Non sorprende che il periodo più paralizzante dell’esistenza del musicista e il più profondo tuffo nella storia che abbia mai fatto, siano sfociati in un set afrofuturista. Credo che il futuro più probabile abbia una stretta somiglianza con il passato.

Il risultato finale è un album composto da canzoni e suoni ascoltati nelle tradizionali cerimonie africane e afroamericane, ma aggiornato con tecniche moderne. Batteria, banjo, violini e canzoni incontrano rock and roll, rap, loop e arrangiamenti contemporanei. I suoni ambientali e il materiale dei droni raccolti sull’isola di Cushing, nel Maine, stabiliscono il paesaggio sonoro. Ha scelto il suono del futuro ascoltando il passato e il presente. La distruzione di uno stile di vita comporta sia una perdita che una crescita. Le tracce tradizionali che ha adattato per “The New Faith” si sono sviluppate originariamente tra un popolo che era stato recentemente derubato della casa, della storia, della famiglia, della cultura e della società. La storia unica del popolo afroamericano ha reso la loro tradizione musicale un candidato ideale per il suo ambizioso compito. Il disco è una dichiarazione di riverenza devastante per il passato della popolazione di colore, ma rafforzante; di anticipazione e ansia verso un futuro incerto; e di speranza che, qualunque cosa accada, qualcosa di loro sopravviverà ancora.

Prodotto da Blount insieme a Brian Slattery, l’LP è stato registrato principalmente nella camera da letto di Jake a Providence, RI. Oltre al nostro alla voce, violino, banjo, basso, percussioni e archi e Slattery alle percussioni, chitarra e archi, ci sono le apparizioni di ospiti quali Demeanor, D’orjay The Singing Shaman, Samuel James, Kaïa Kater, Lizzie No, Mali Obomsawin, Brandi Pace, Rissi Palmer e Lillian Werbin.

Blount ha suddiviso l’album in tre parti: “The Psalms of the Sentinel”, “The Psalms of the Gravedigger” e “The Psalms of the Teacher”. Ognuna inizia con un pezzo in stile sermone di parole pronunciate – la preghiera sulla prima traccia, la quinta canzone “Parable” e la nona traccia “Psalms” – fornendo il contesto per trasformare il rilascio in una storia coesa.

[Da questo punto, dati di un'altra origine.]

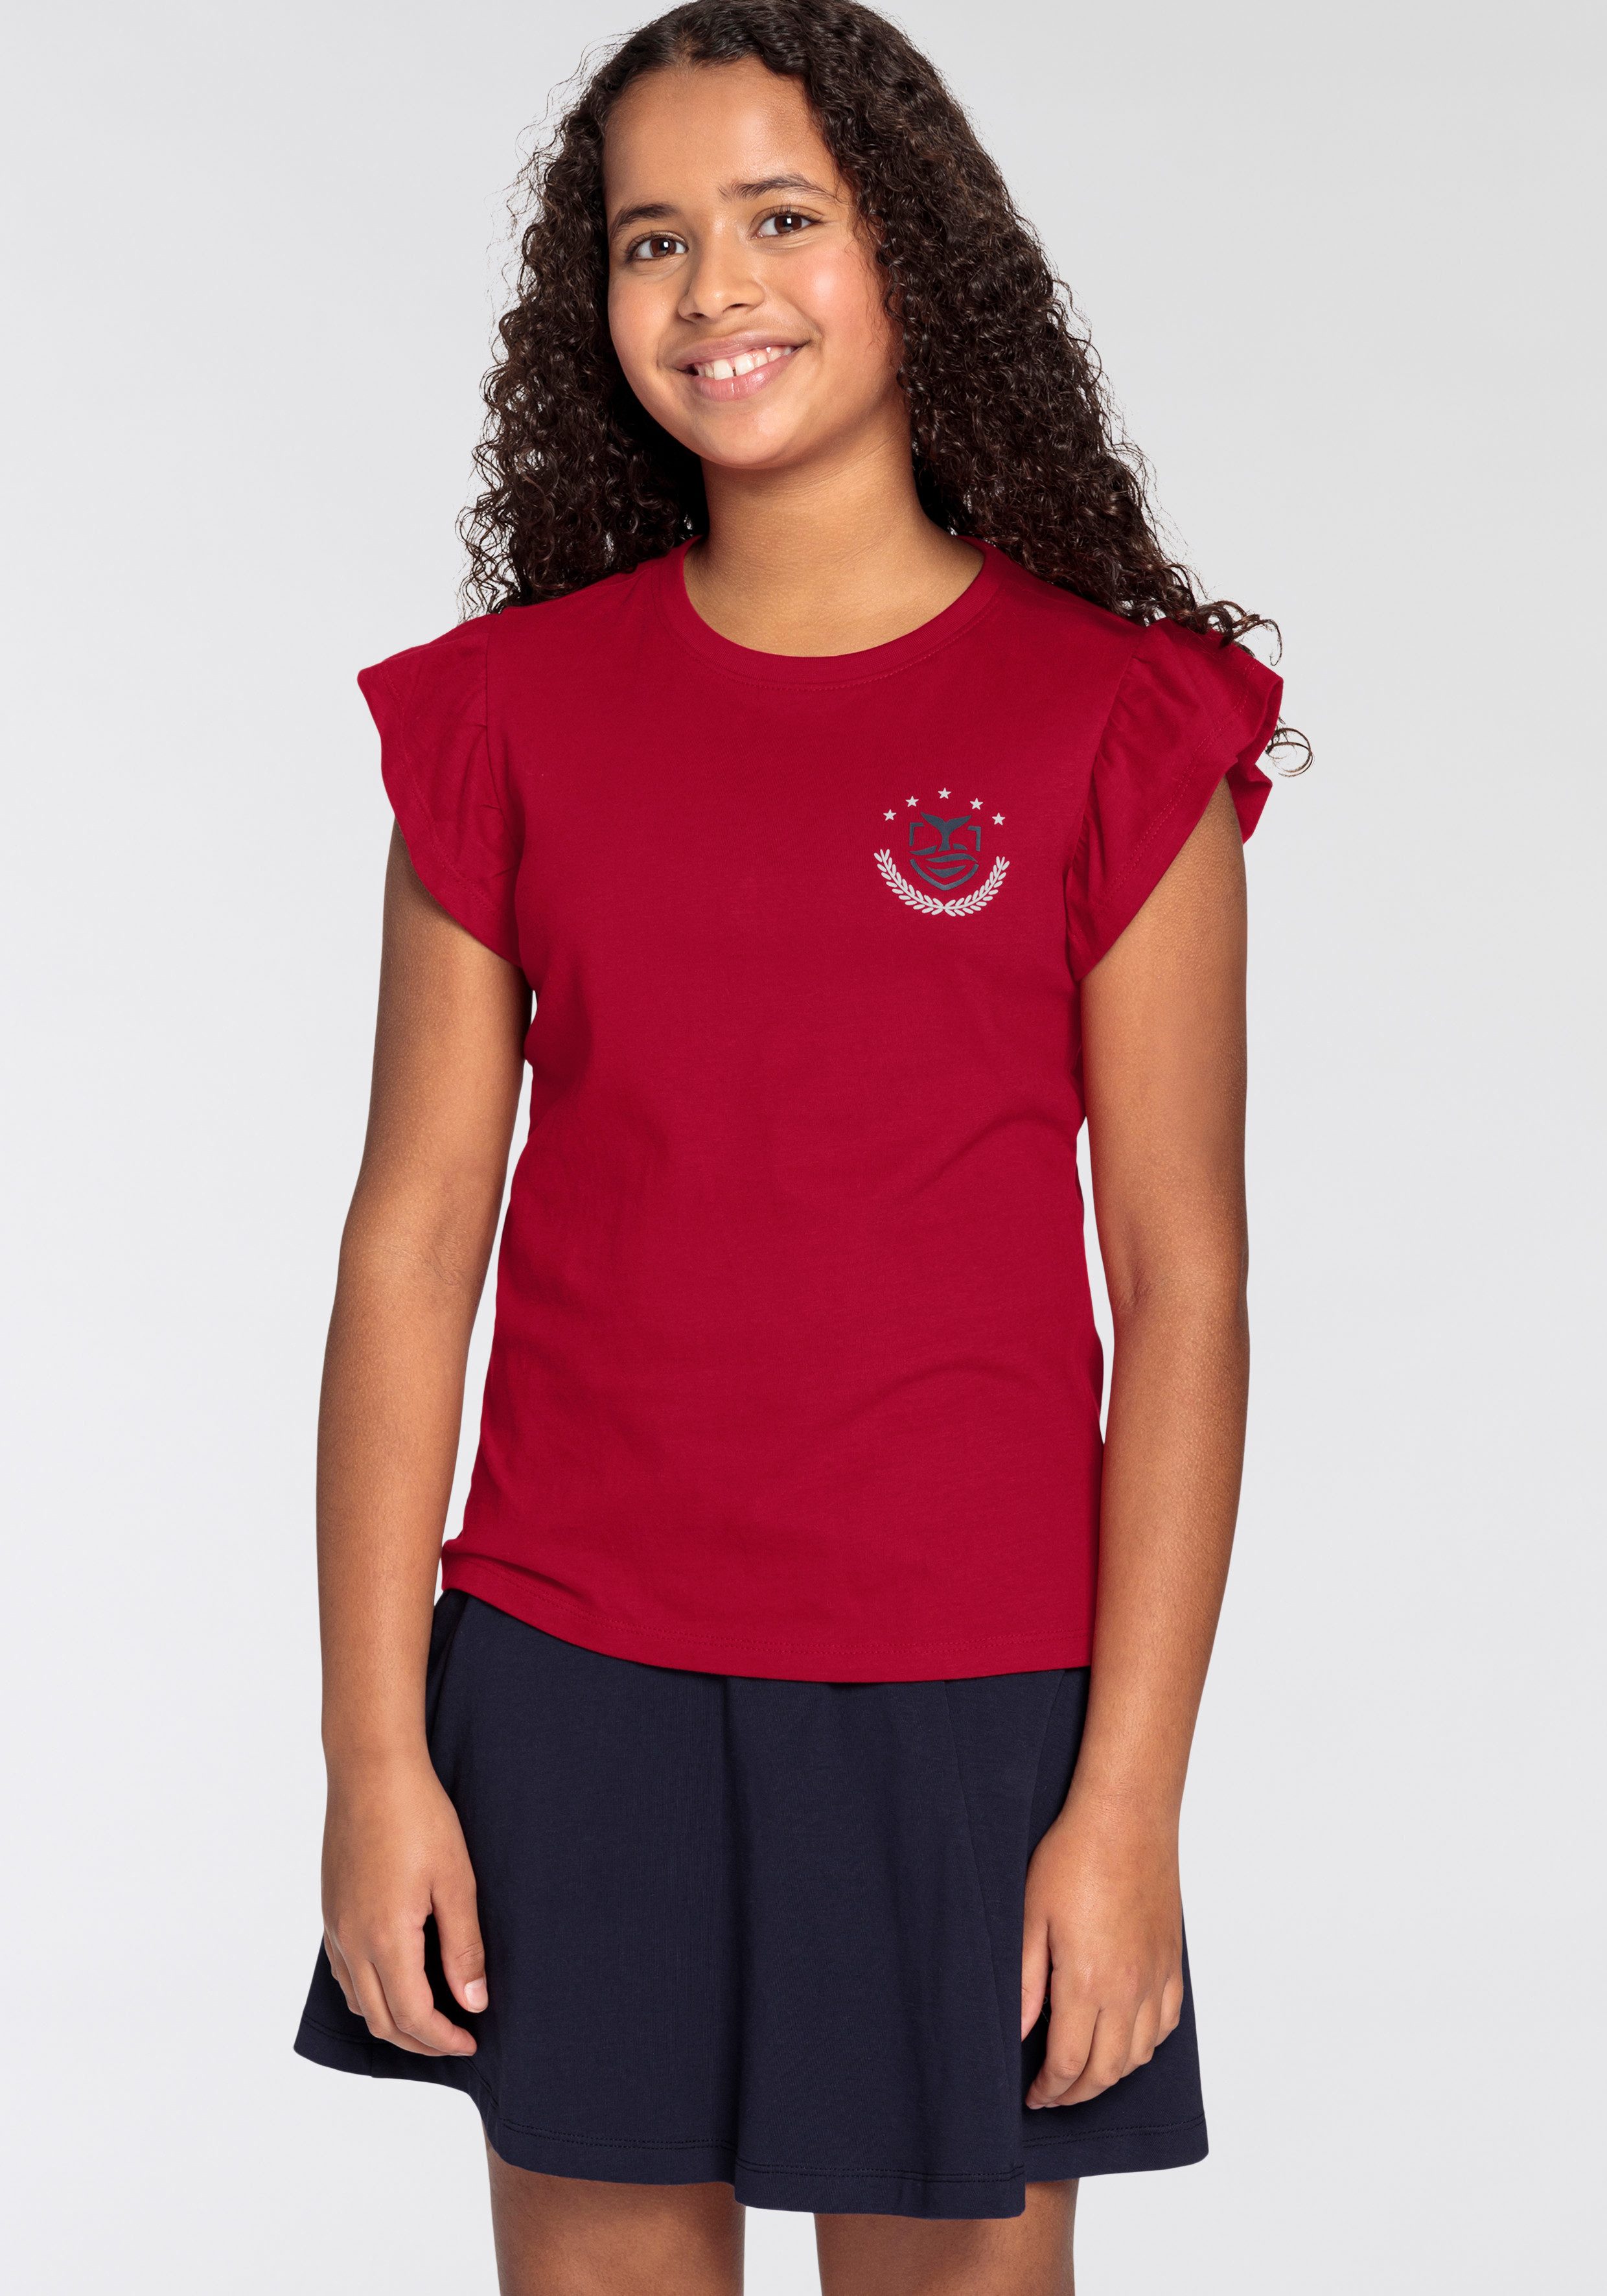 DELMAO T-Shirt für Mädchen mit Rüschen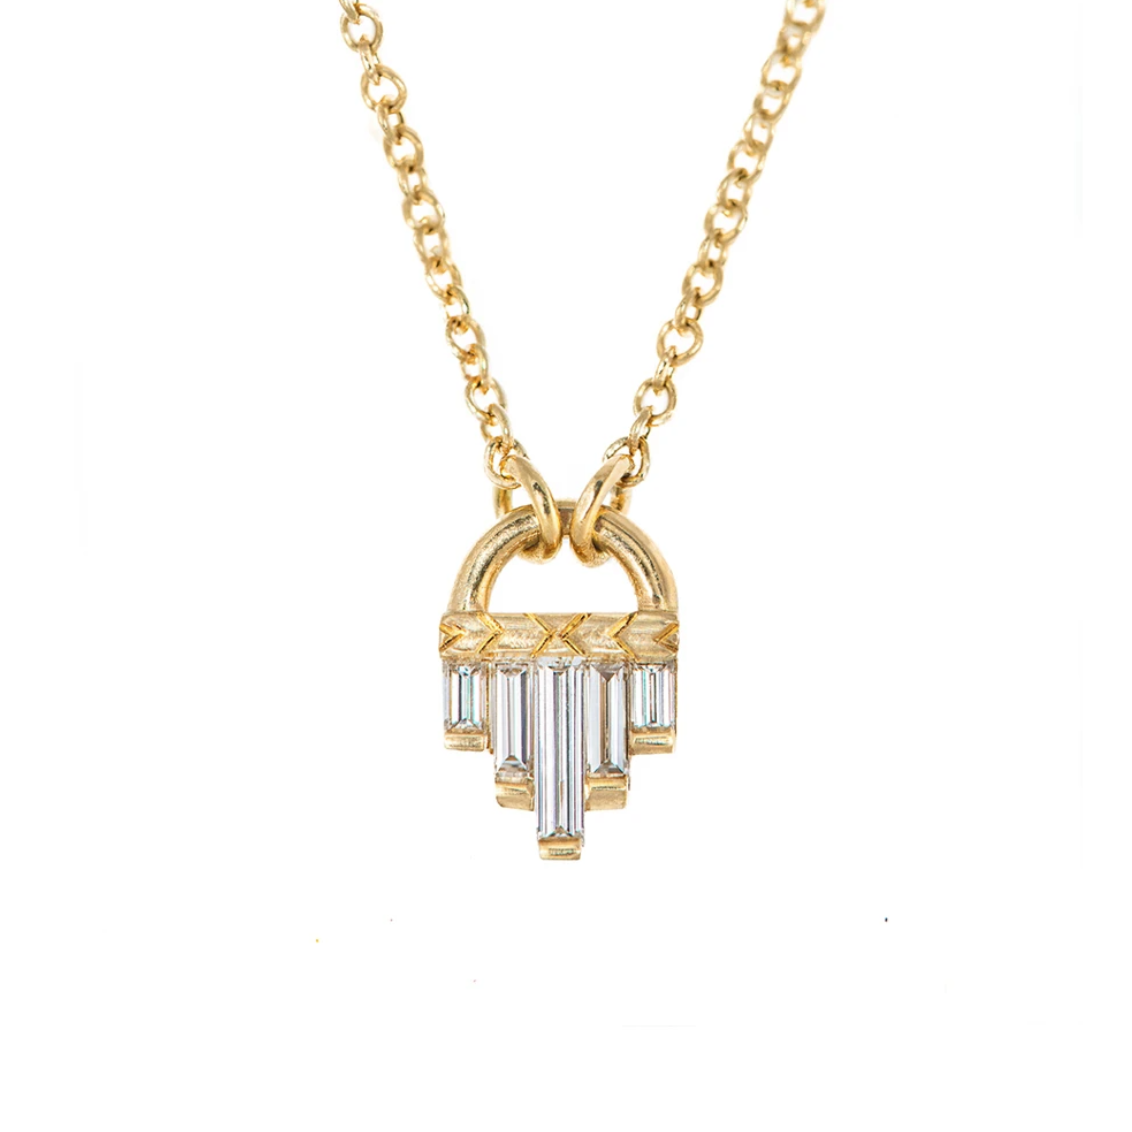 Graduated Baguette Diamond Pendant Necklace

In termini sia di trama che di musica, “The New Faith” copre una grande quantità di terreno. “The Downward Road” è ancorato all’urgenza di suonare il violino di Jake e alle molteplici parti vocali, oltre a una strofa del rapper Demeanor. Per tutto il lavoro, in particolare in brani come “Death Have Mercy” e “Once There Was No Sun”, battiti di mani e percussioni si combinano con il suono del banjo e le tracce vocali armoniche per ricreare la sensazione di un’esibizione di gruppo sgangherata.

Blount sa che corre il rischio di alienare il pubblico attratto dall’estetica folk più convenzionale di “Spider Tales” e che potrebbe avere una visione più ristretta di cosa significhi inclusione. Anche se questo potrebbe averlo preoccupato in passato, ora non ne è turbato!!!